Nigeria has enough stringent laws in the books that can kill corruption even if it has nine lives; but the penalties attached to infractions are dismally inconsequential. A Global Integrity Report 2010 stated that the Nigerian legal framework for addressing corruption is “very strong”, but the rule of law and law enforcement are nothing to write home about. A civil servant stole N32.8bn in pension funds; and after months in court, he was sentenced to two years in prison with an option of N250, 000 fines. The judge couldn’t do more than what the law prescribed. In the summer of 2014, our government struck a deal with the son of the late Gen. Sani Abacha in return for the repatriation of stolen assets which belonged to Nigeria. The assets we have no trace of till today. Sweet deals with dealers who have dealt Nigeria a blow of death must stop. If more severe penalties are not in place, if those loopholes created deliberately as escape valves from justice are not sealed, corruption in Nigeria will become immortal and invisible.

However, we need an army of fighters who have the will and determination to kill corruption. We now have that. Aggressive enforcement of existing laws and prescription of commensurable penalties must be brought to the fore; our bought-over and polluted judiciary must be sanitised. With all of these and probably some more, the Goliath called corruption will die a death of shame.
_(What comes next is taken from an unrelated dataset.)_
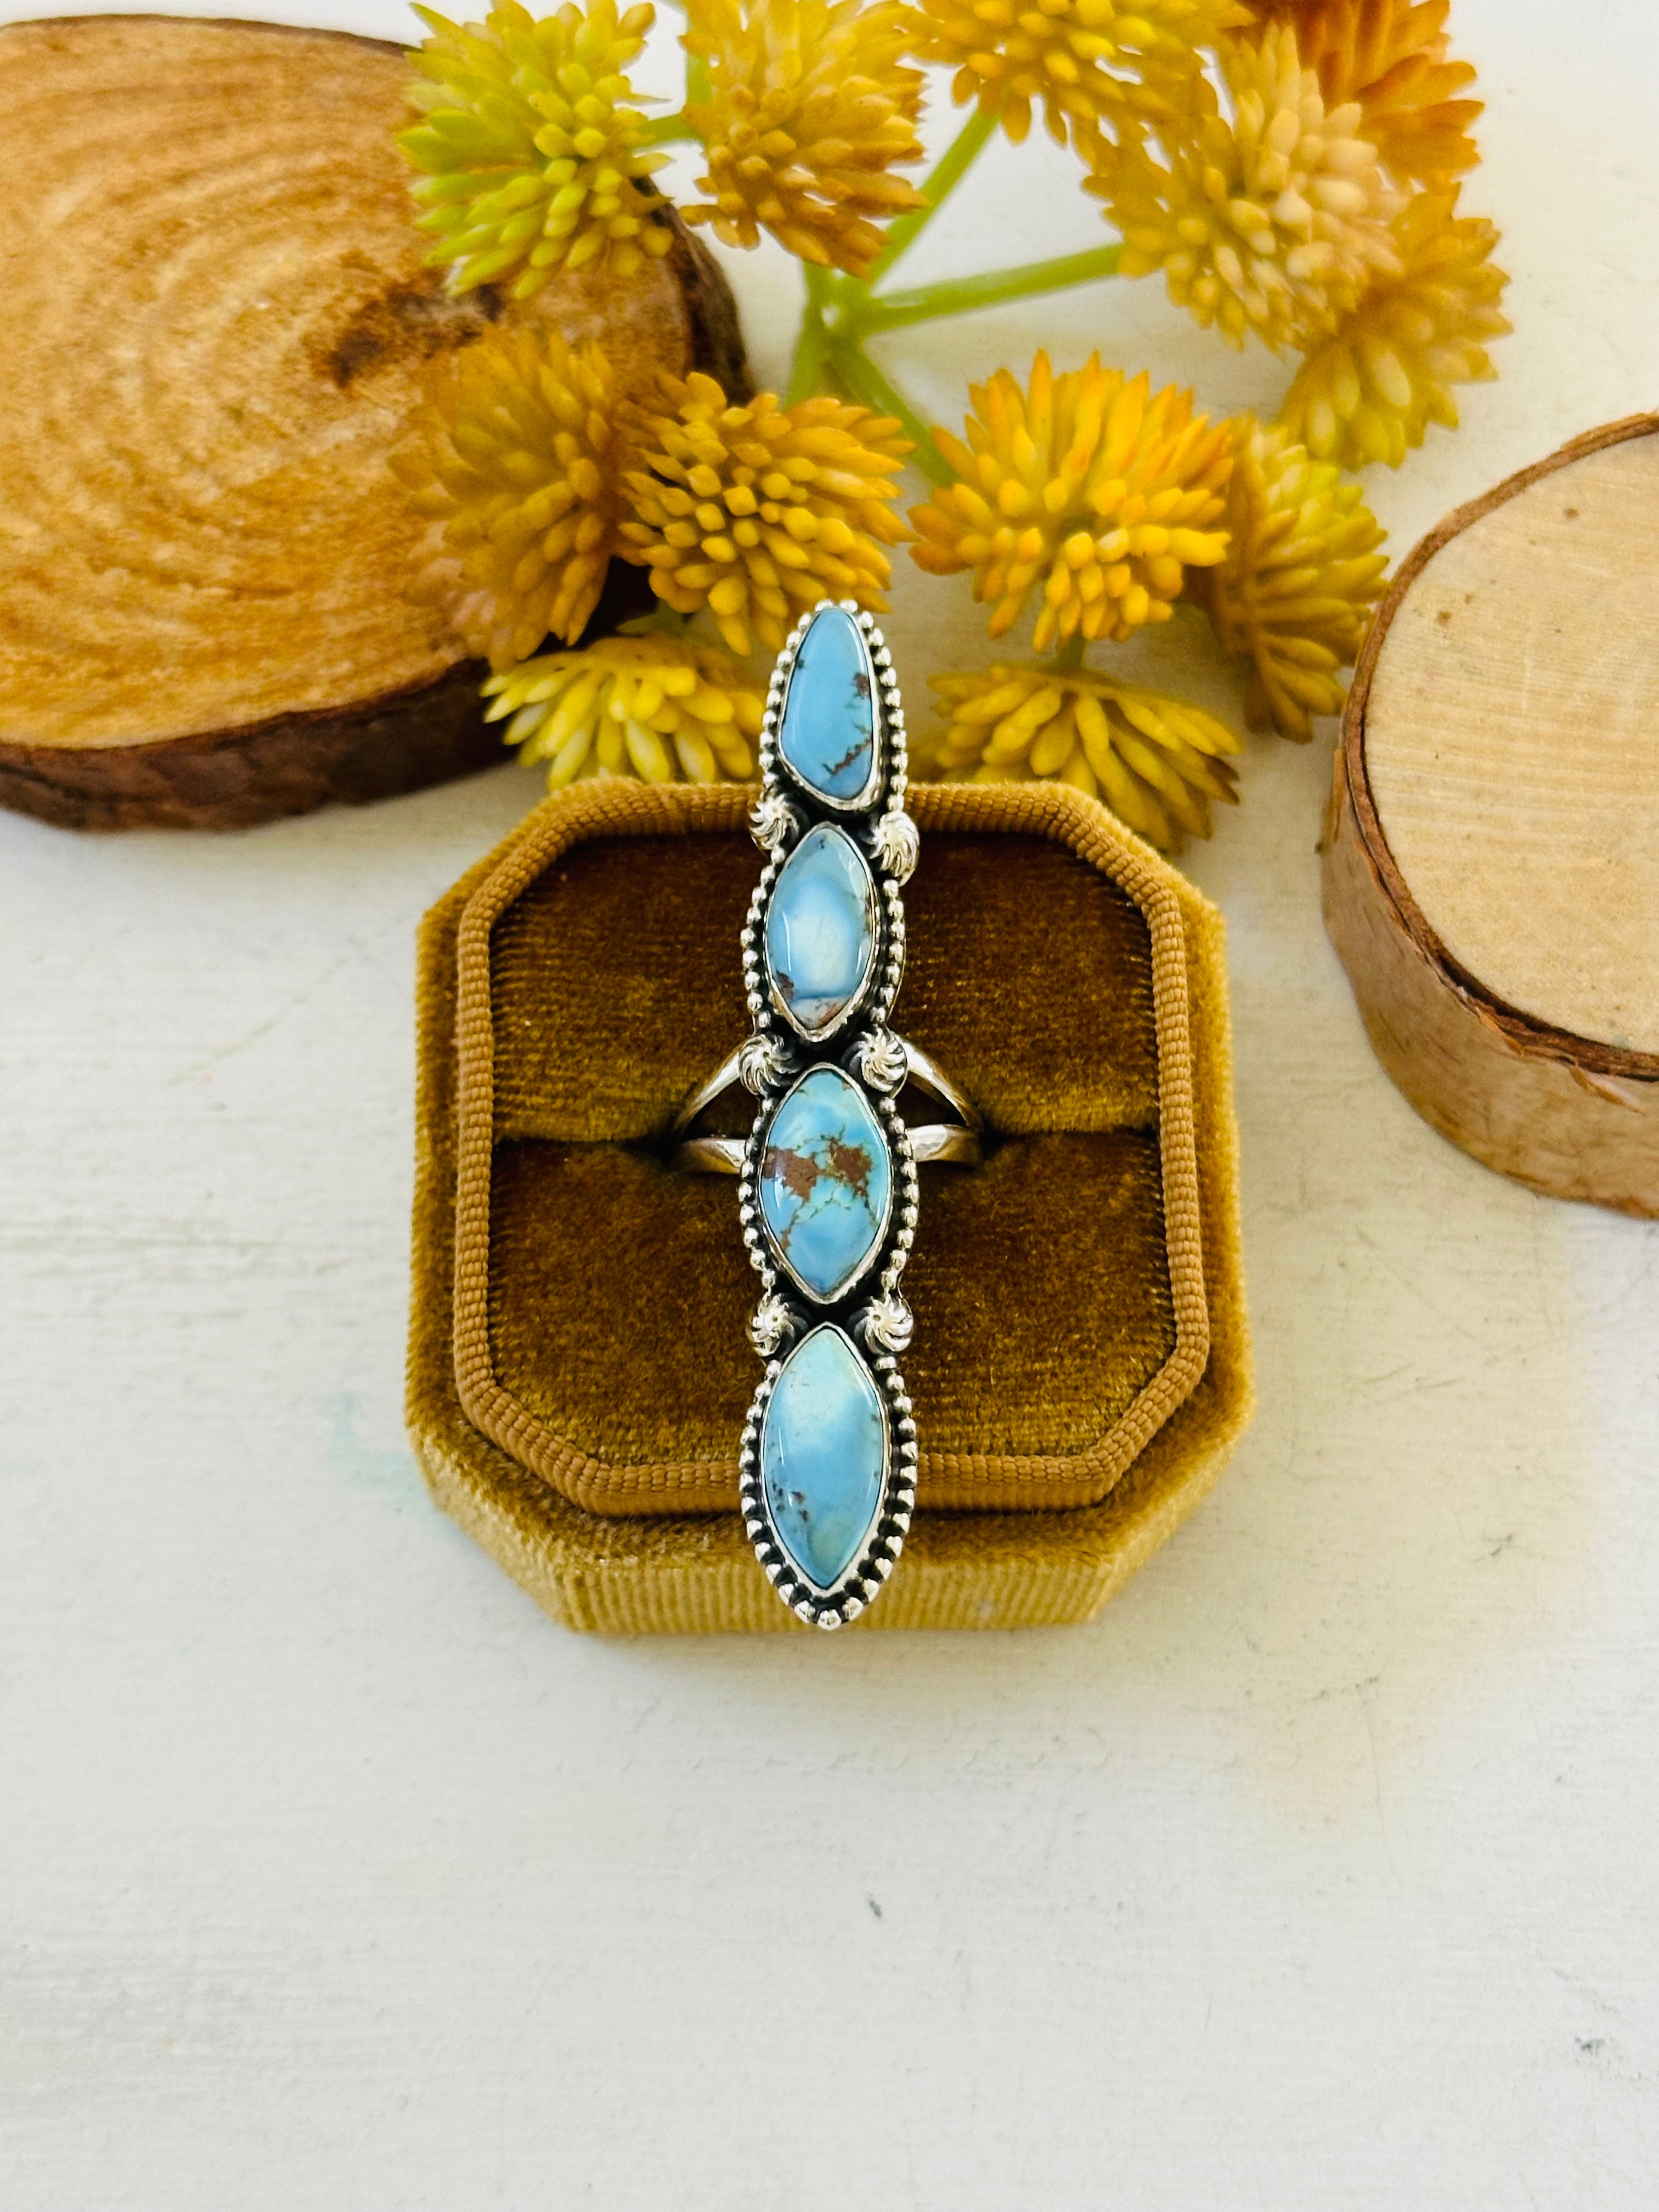 Southwest Handmade Golden Hills Turquoise & Sterling Silver Ring Size 6

Corruption has always been talked about in Nigeria even before I was born. But it’s been all talk, and no work, and it’s time for the wheat to be sifted from the chaff. Nigerians want to see one big fish in the net of justice; and the net must not break letting the “he-fish” or “she-fish” back into the waters of status-quo plundering odyssey. We hear every day in hushed talks that the noise about killing corruption by the Buhari administration is all it is: Noise. A South-West governor was also reported to have said that the President is only many-barks-and-no-bite regarding corruption. I hope the governor is not right. (As seen in Punch).